In recent years, affected by global climate change, extreme precipitation events have occurred frequently in the world. In this study, we selected PRE, EP, and IBEP three indicators to extract extreme precipitation events and analyzed the causes of extreme precipitation events in the HRB. This study provides an important reference for the prevention and monitoring of extreme precipitation disasters. The main conclusions drawn from this study are as follows:

  1. 1)

    Although the PRE, EP, and IBEP in the HRB have no significant trend change, they had an increasing trend after 2000. The large cycle period was decreasing, while the small cycle period was increasing, which increases the uncertainty of the occurrence of extreme precipitation events.

  2. 2)

    The air temperature of the North Pacific, the Indian Ocean, and the Qinghai–Tibet Plateau had an important influence on the occurrence of extreme precipitation in the HRB. The decrease in air temperature in the Pacific and Indian Oceans will cause extreme precipitation in the southwest and northeast of the HRB.

  3. 3)

    The temperature drop on the Qinghai–Tibet Plateau, the occurrence of El Niño, and the abnormal atmospheric circulation all contribute to the occurrence of extreme precipitation in the HRB. The subtropical high was stronger in the years of extreme precipitation that occurred in the HRB, and most of the water vapor that causes extreme precipitation comes from the Indian Ocean.

  4. 4)

    By BWC analysis, AMO, PDO, and NPI had the greatest impact on PRE; AO, AMO, and NPI had the greatest impact on EP; AO, NPI, and AMO had the greatest impact on IBEP. The MWC analysis found that PRE was greatly affected by multiple climate variables, while EP and IBEP were greatly affected by a single climate variable.
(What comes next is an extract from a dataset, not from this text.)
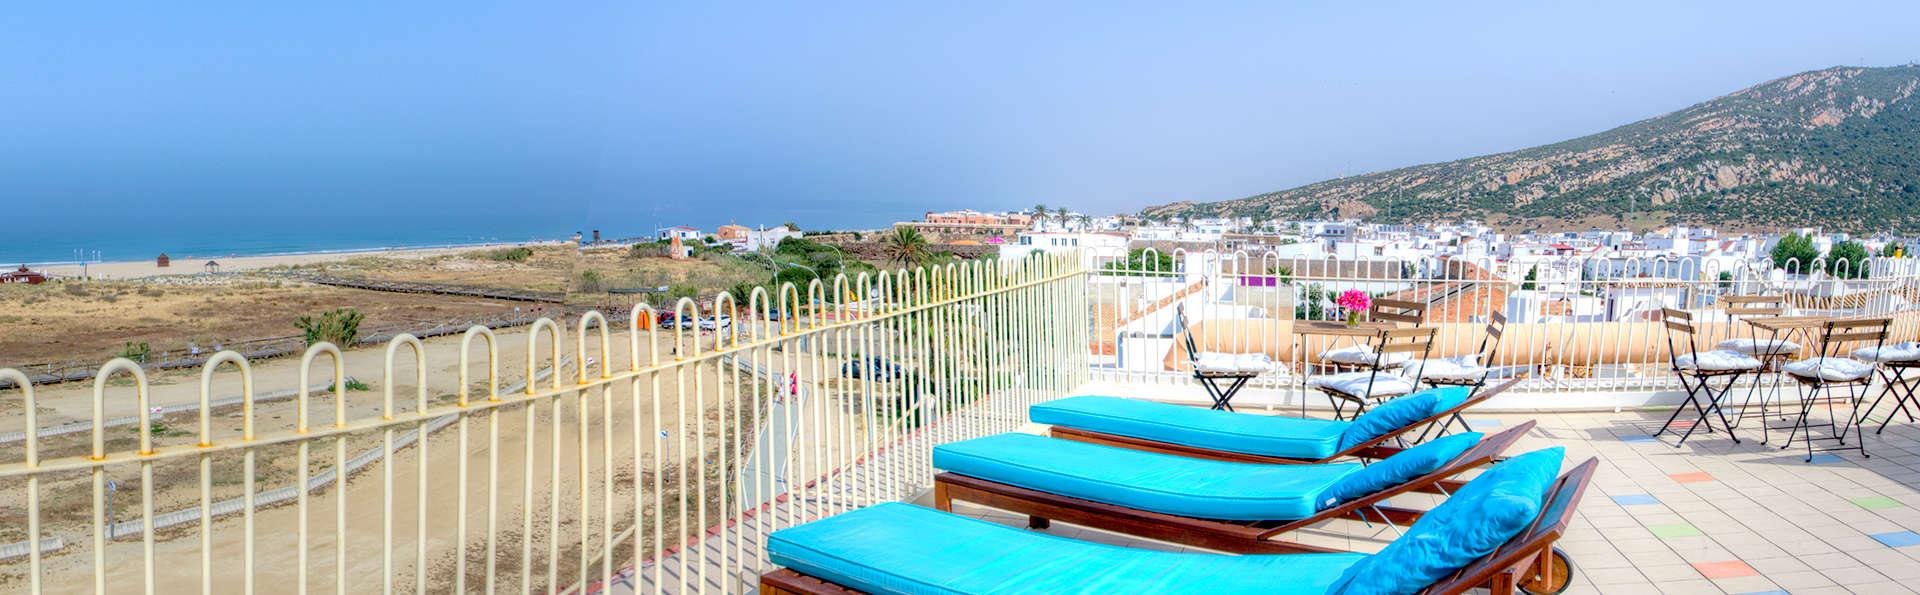 Escapada cerca de la playa de Zahara de los Atunes con desayuno

Various meteorological factors jointly determine the generation of extreme precipitation. This study only analyzed the generation of extreme precipitation from the perspective of each factor. Moreover, this study only analyzed the causes of extreme precipitation from the annual anomaly. In future research, it is necessary to increase the time scale to more accurately predict when extreme precipitation will occur during the year.